START Records for the task
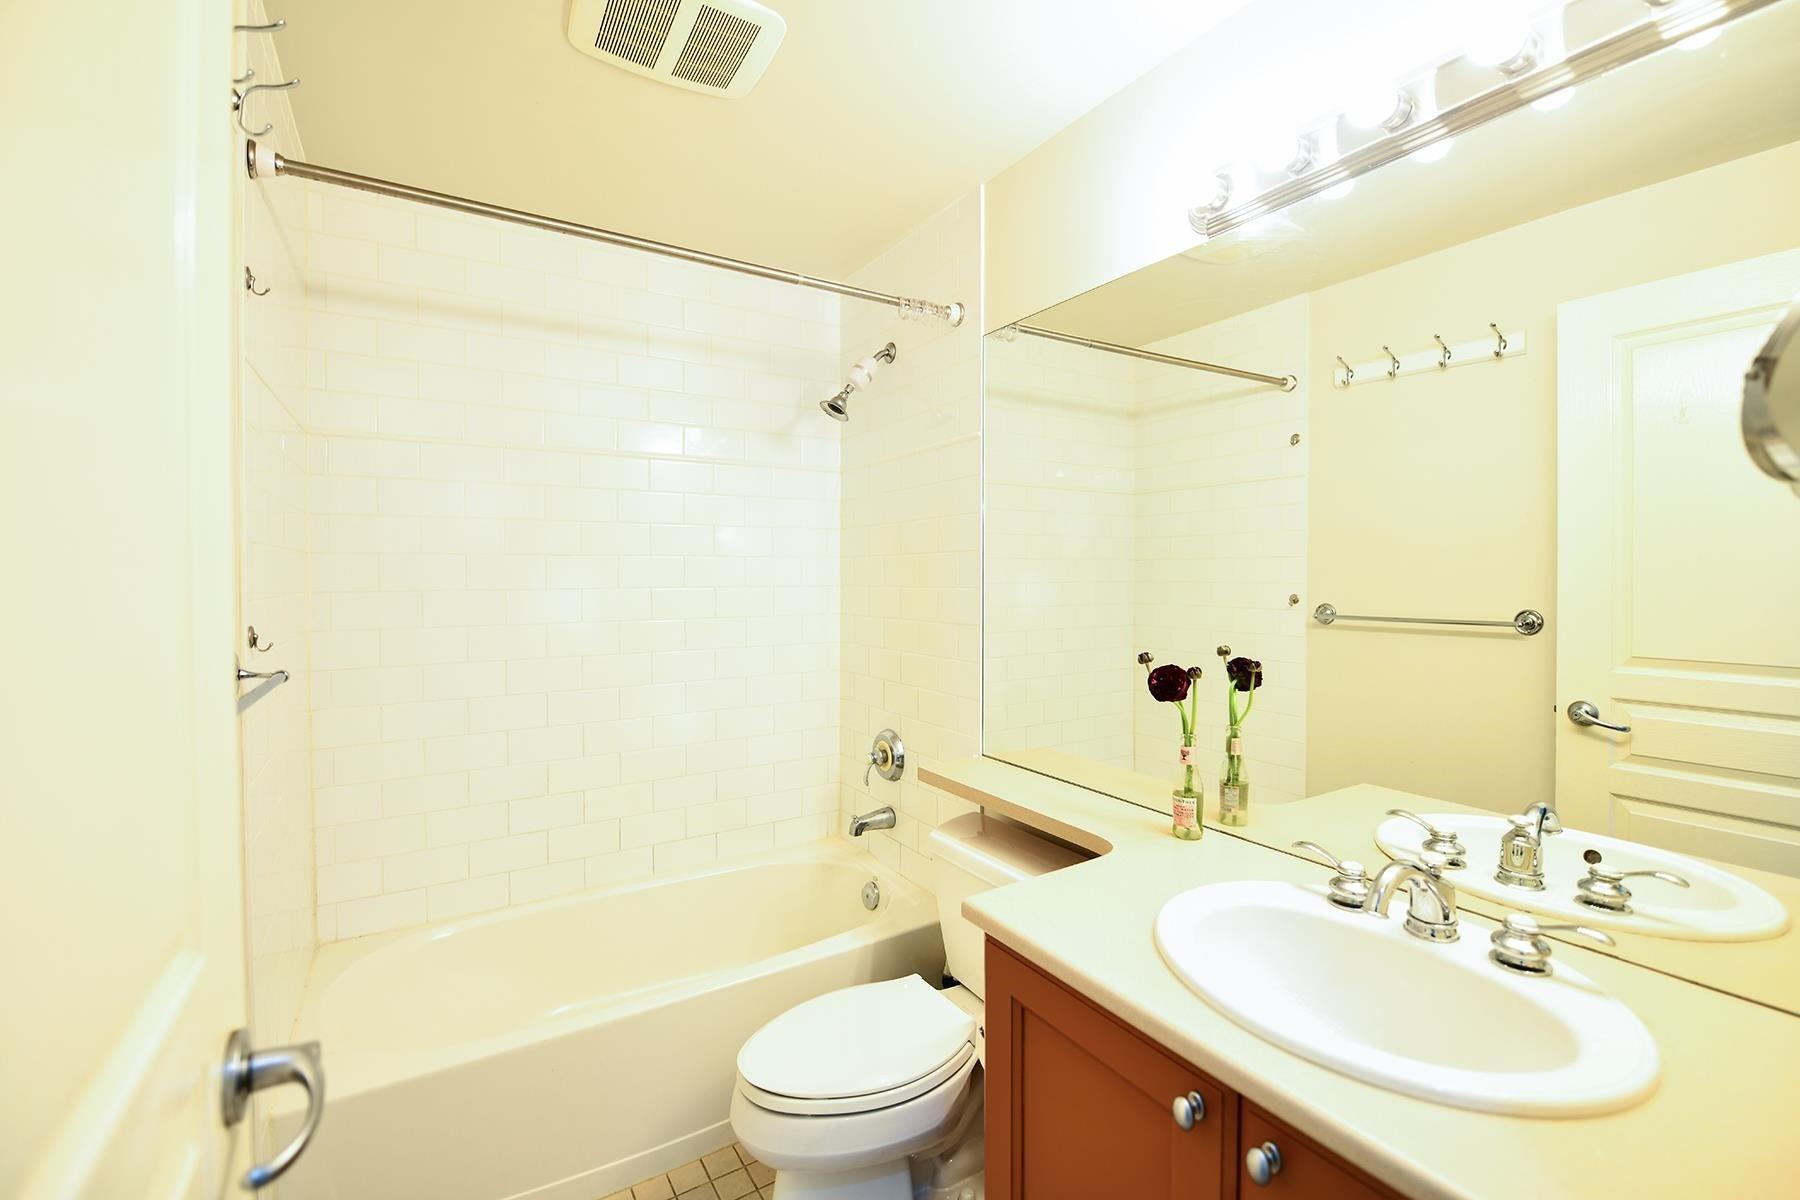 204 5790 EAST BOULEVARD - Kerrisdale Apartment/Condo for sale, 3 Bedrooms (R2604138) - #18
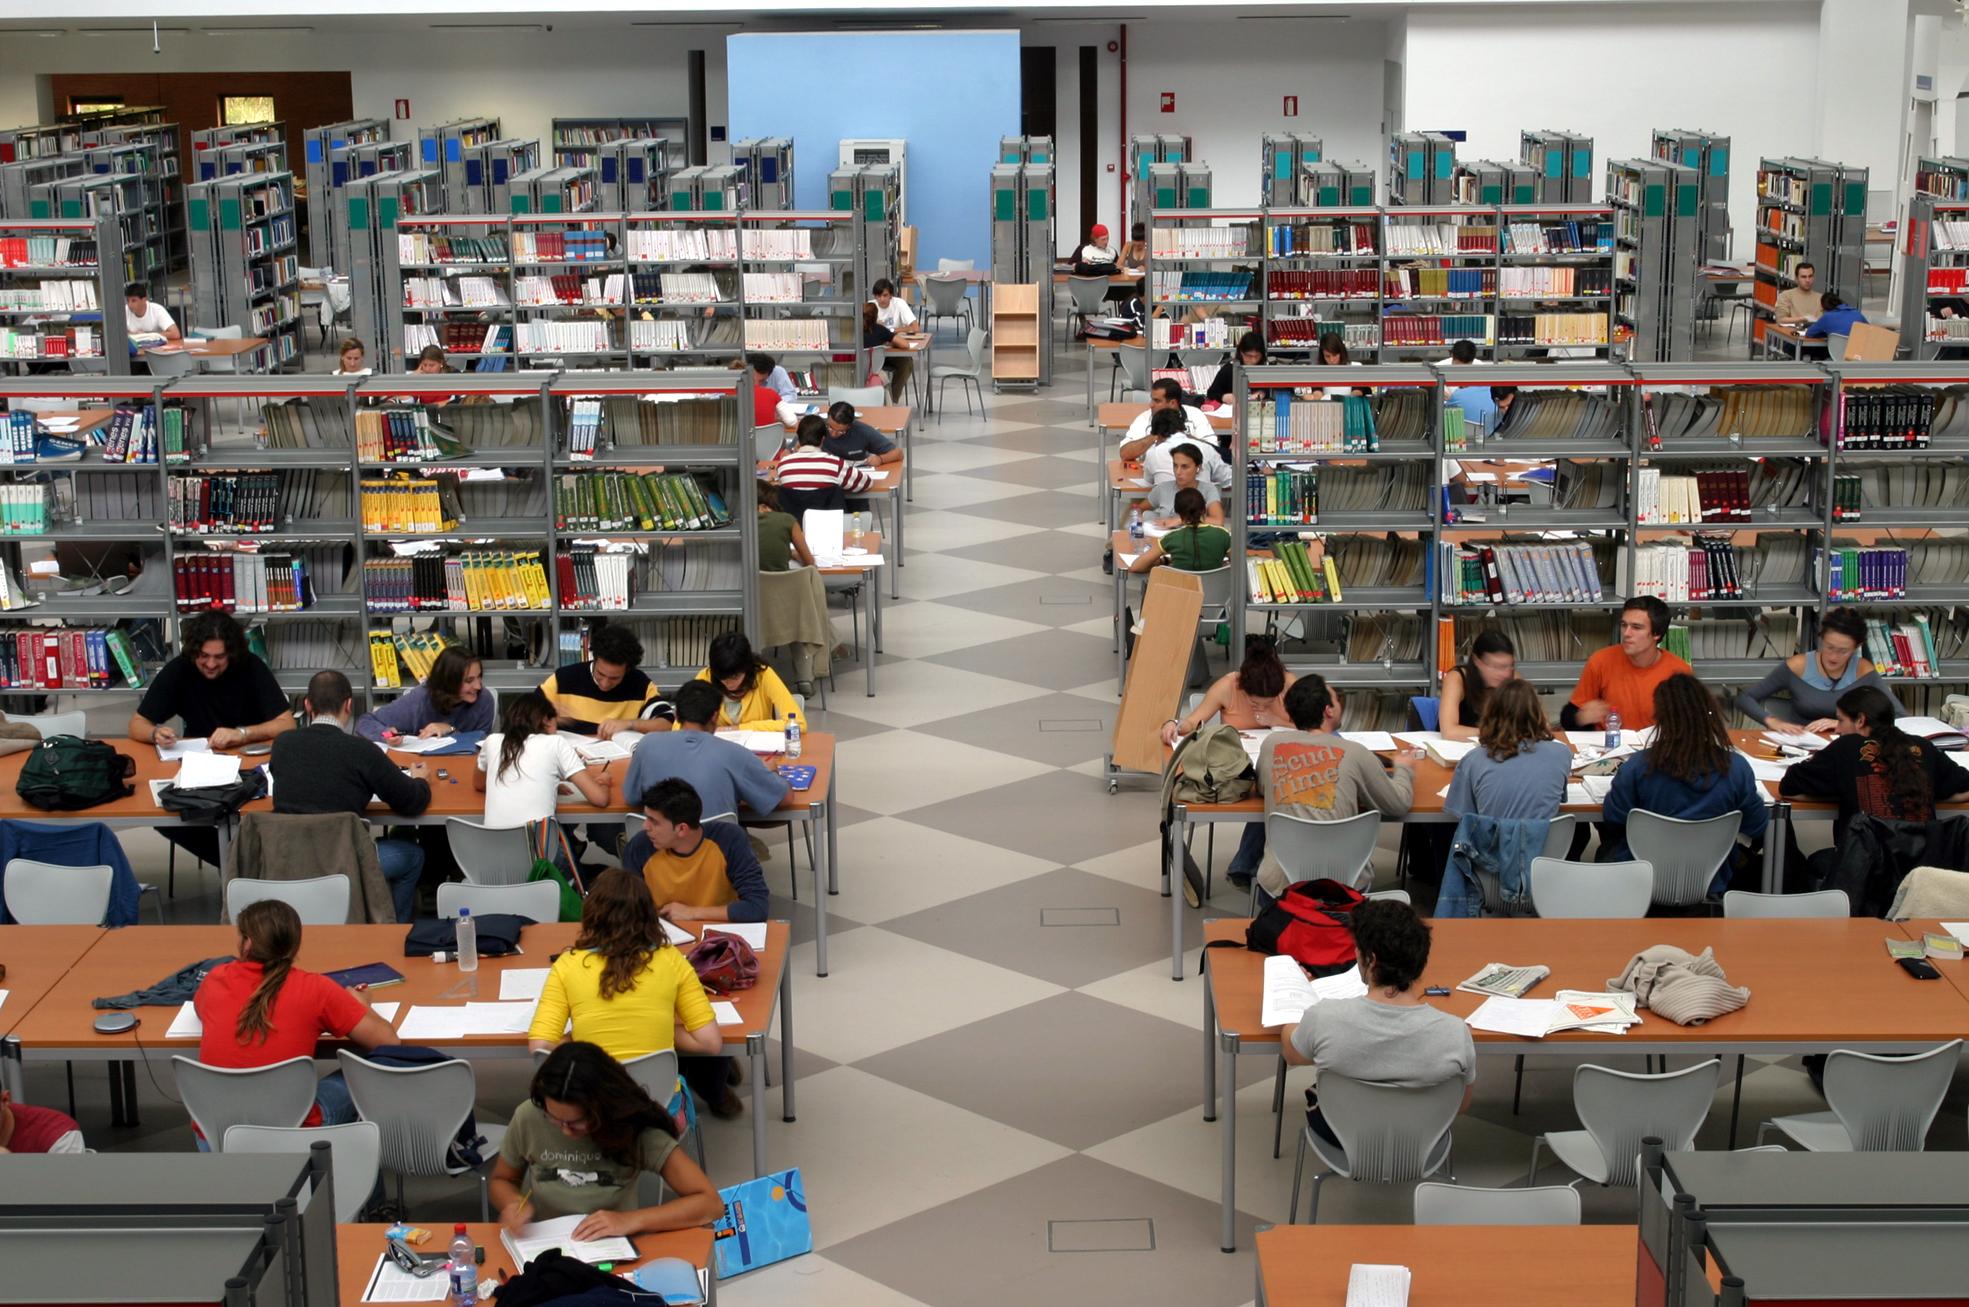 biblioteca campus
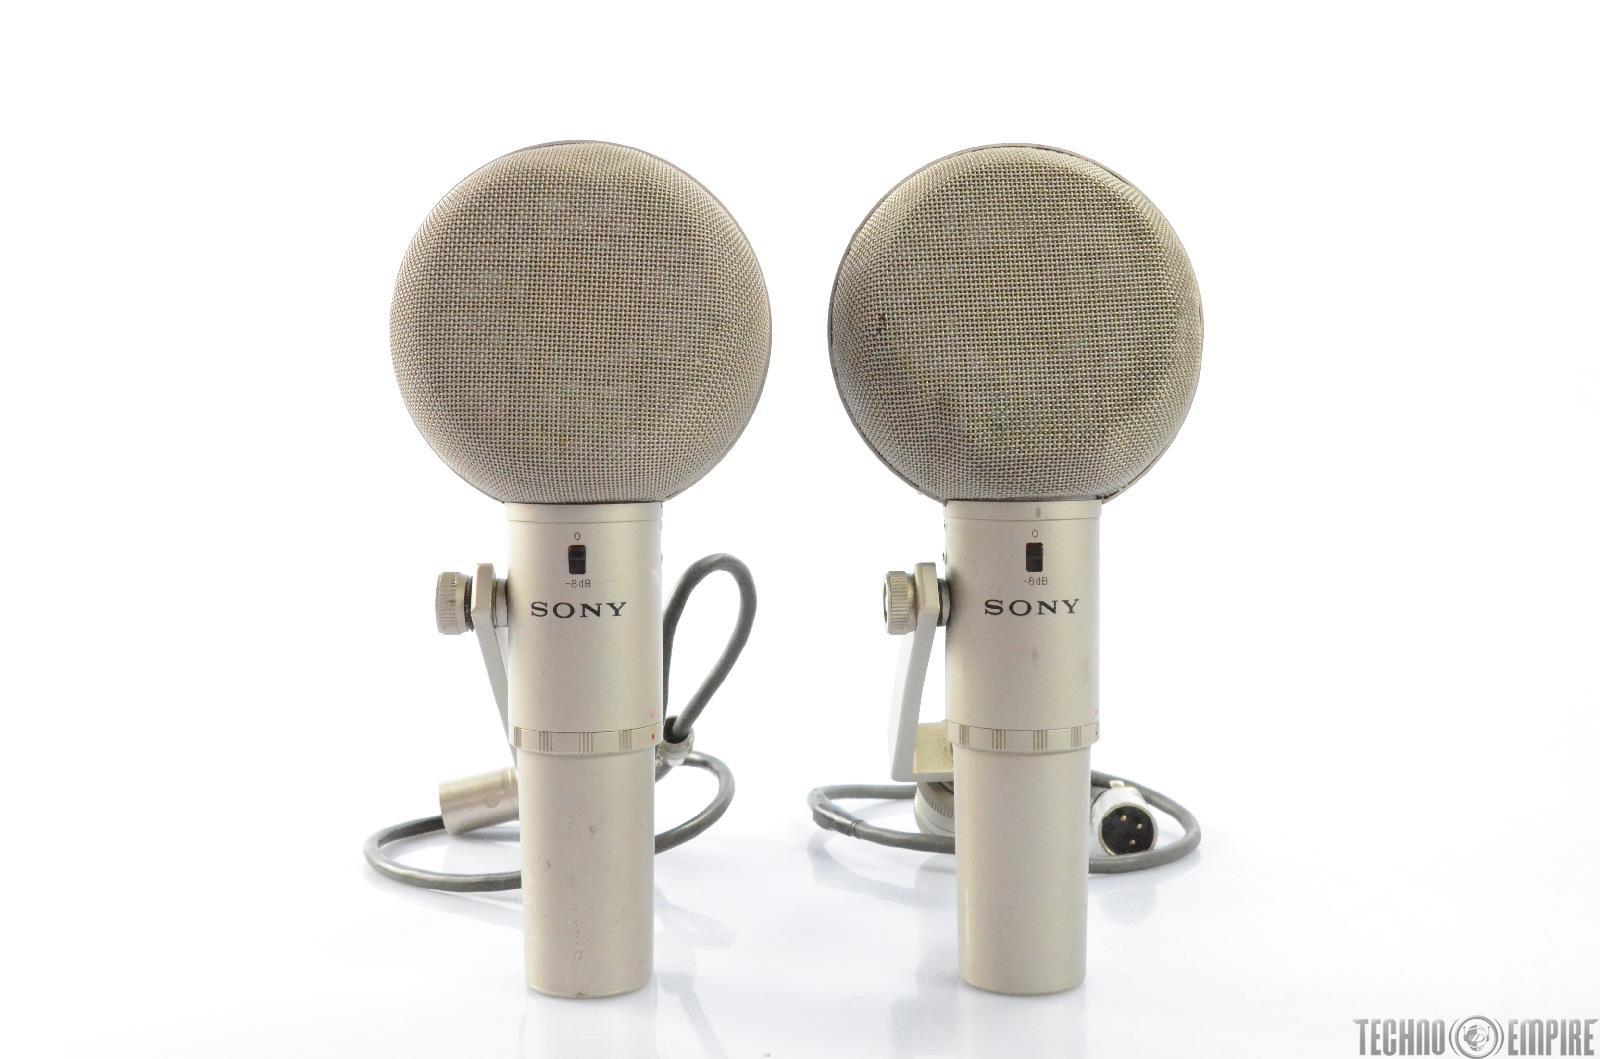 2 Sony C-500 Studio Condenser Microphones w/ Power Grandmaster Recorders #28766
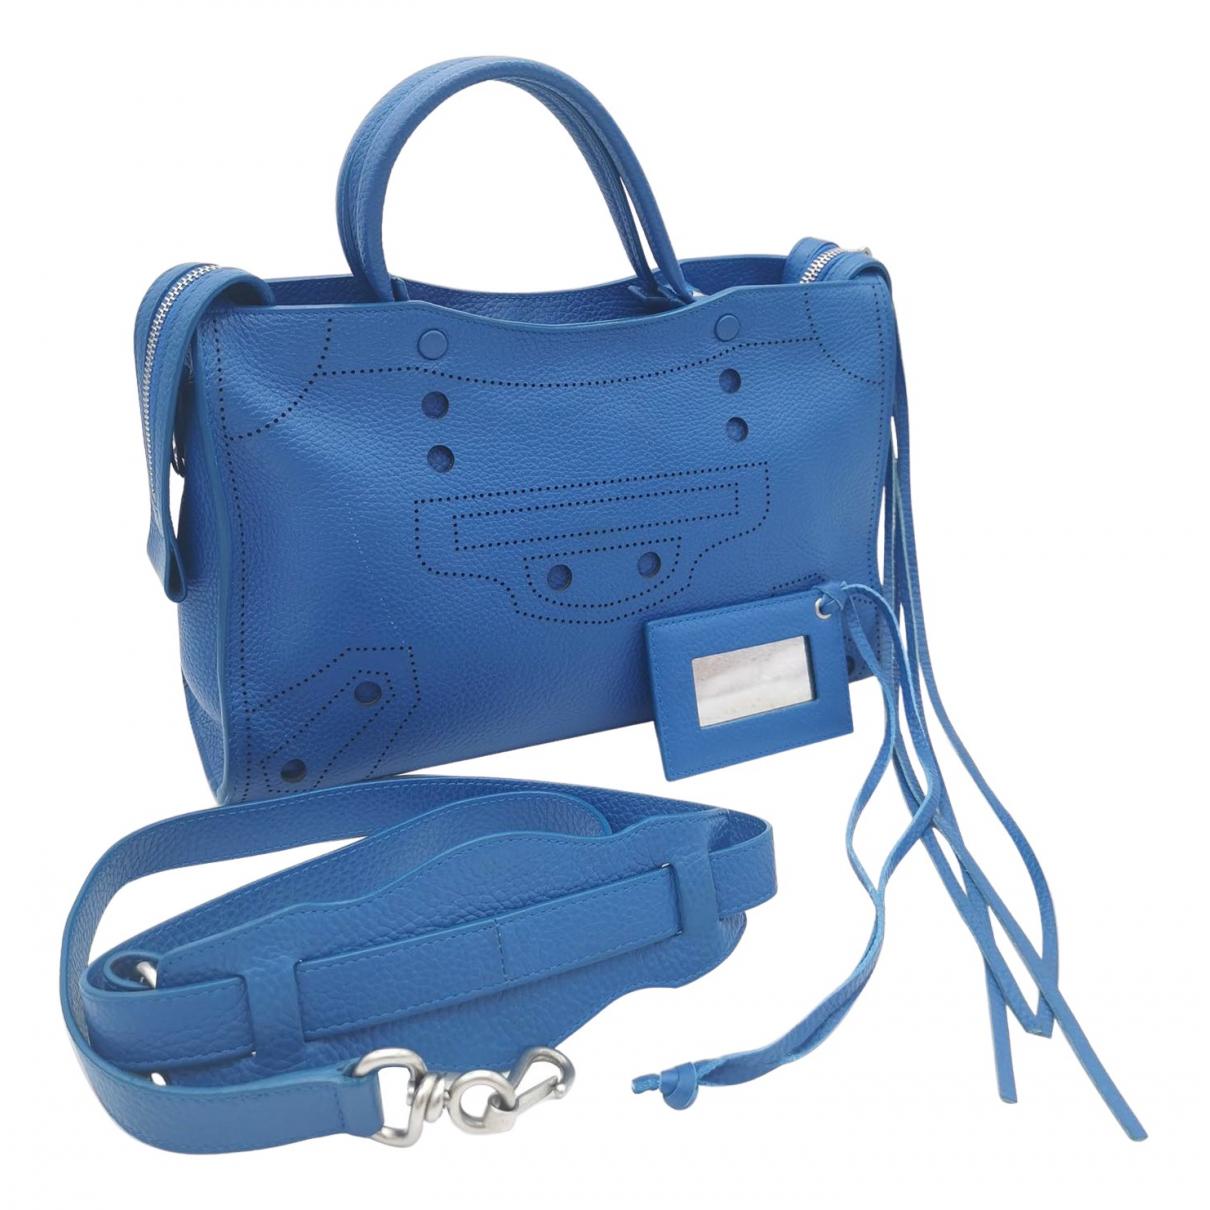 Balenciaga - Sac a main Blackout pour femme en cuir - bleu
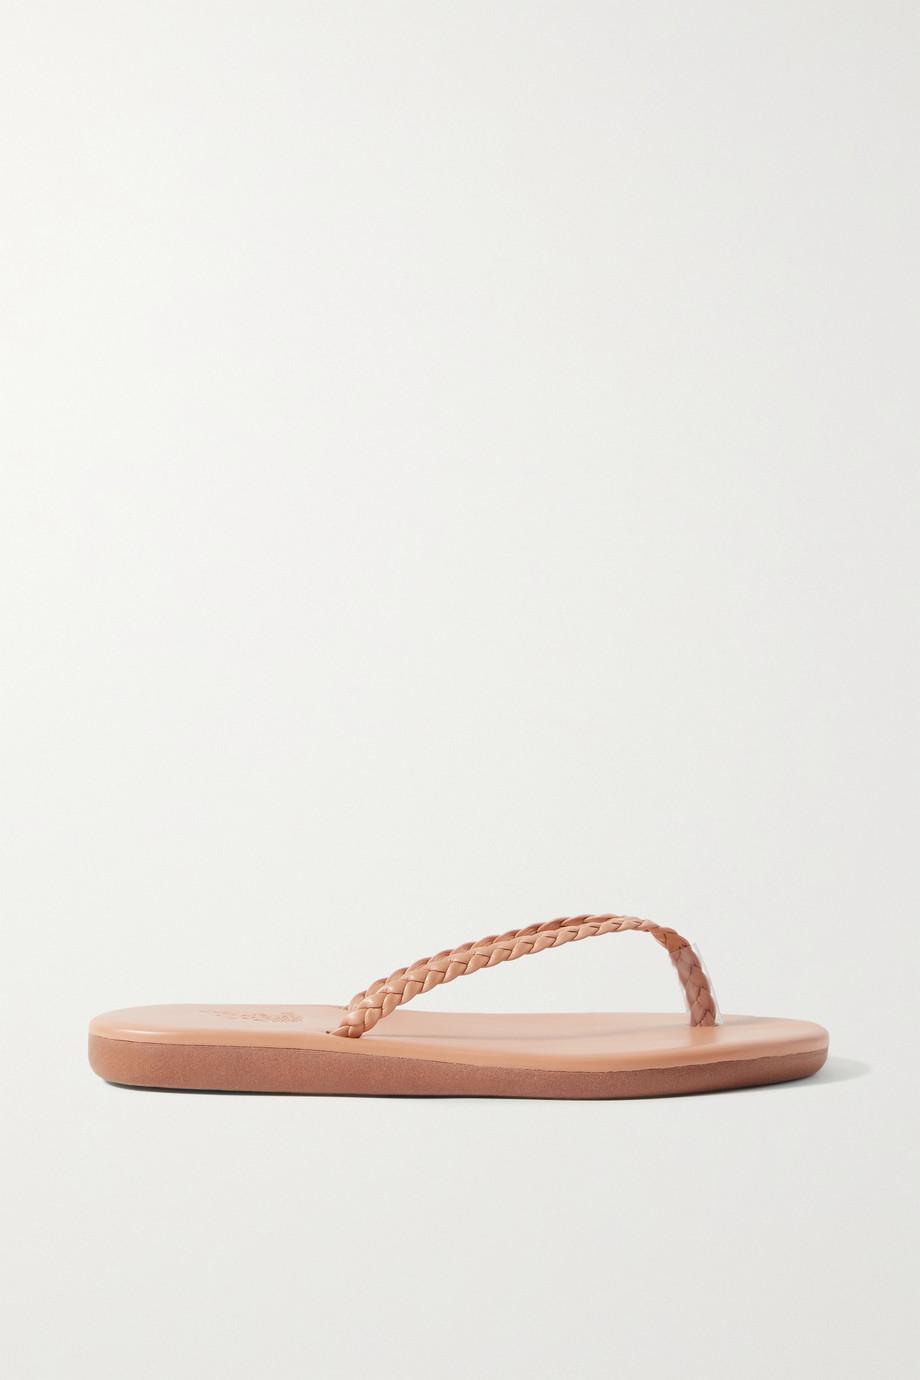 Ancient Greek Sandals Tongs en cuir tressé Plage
END Records for the task
What to produce:
Give the records again exactly as they stand, so that only the pictures are missing.

Solution to this task:
 204 5790 EAST BOULEVARD - Kerrisdale Apartment/Condo for sale, 3 Bedrooms (R2604138) - #18
 biblioteca campus
 2 Sony C-500 Studio Condenser Microphones w/ Power Grandmaster Recorders #28766
 Balenciaga - Sac a main Blackout pour femme en cuir - bleu
 Ancient Greek Sandals Tongs en cuir tressé Plage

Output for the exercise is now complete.